EXPERTS EVALUATE NEW UKRAINIAN-RUSSIAN RELATIONSHIP. Vyacheslav Nikonov, the president of Politika foundation, told TV-Tsentr on 24 January that Yushchenko made his first trip to Moscow for pragmatic considerations. First he would like to pacify the Russian-speaking southern and eastern parts of Ukraine which voted for his main opponent, Viktor Yanukovych. Second, economic ties with Russia are a top priority for Yushchenko, as up to 60 percent of Ukraine's foreign trade is with Russia. Therefore, Russia is a big factor in Ukrainian economic growth, Nikonov said. In the same vein, the appointments of Tymoshenko as premier, Petro Poroshenko as head of the Ukrainian National Security Council, and Oleksander Zinchenko as Ukrainian state secretary are also for economic reasons, as all three are key businesspeople who have personal business interests in Russia, Nikonov concluded. VY

Skepticism -- or even cynicism -- has been a common reaction in Russia to the recent Orange Revolution in neighboring Ukraine, and the pensioners' protests that have shut down streets in dozens of Russian cities over the past month are eliciting much the same reaction -- at least within Russian officialdom.

During the Kyiv protests, many Russian policymakers and pundits voiced the belief that the West, specifically the CIA and/or the Soros Foundation, orchestrated the appearance of thousands of people on the streets of the Ukrainian capital. Now, the pensioners' protests are likewise seen not as a spontaneous expression of dissatisfaction but rather as a series of "provocations" organized by political opportunists.

In an interview with "Moskovskii komsomolets" on 17 January, acting Moscow Oblast Governor Aleksei Panteleev suggested that provocateurs were behind the recent protests. "Forces -- for whom their main concern is not the protection of their fellow citizens' interests but their own political [public relations] -- often exploit the mood of protestors, or sometimes [their motivation] is even worse: a provocative desire 'to rock the boat' in a city or raion," Panteleev said. He added that he has held meetings with a number of political organizations active in the oblast and that the "extremists" were "warned not to indulge in provocations or they would be prosecuted to the full extent of the law." According to Panteleev, who was filling in for the vacationing Governor Boris Gromov, "[Our] law enforcement organs have videotapes of all those people younger than pension age who are traveling back and forth from city to city, inciting the population to close streets and engage in other violations of the law. They have been detained in accordance with the law." Earlier, Governor Gromov declared that it is not "the pensioners who are guilty, but the provocateurs."
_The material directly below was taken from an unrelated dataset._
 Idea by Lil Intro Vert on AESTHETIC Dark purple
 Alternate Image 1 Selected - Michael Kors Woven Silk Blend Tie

In St. Petersburg, Governor Valentina Matvienko appeared to have been given the same set of talking points. She told reporters on 17 January that "St Petersburg's law and order agencies will take strict measures against people who provoke pensioners to carry out illegal actions," ITAR-TASS reported. "I want to give assurances that no force will be used against people attending rallies," she told reporters. "However, there are those who are making use of this situation to reap false political dividends." According to gazeta.ru on 18 January and "Kommersant-Daily" on 19 January, Matvienko ordered local police to arrest only young people and ignore elderly demonstrators. Representatives of the city prosecutor's office quoted by lenta.ru on 19 January appeared to follow that distinction between youthful organizers and old participants by saying that administrative cases are being brought only "against the organizers of the actions, not the participants, the majority of whom are pensioners."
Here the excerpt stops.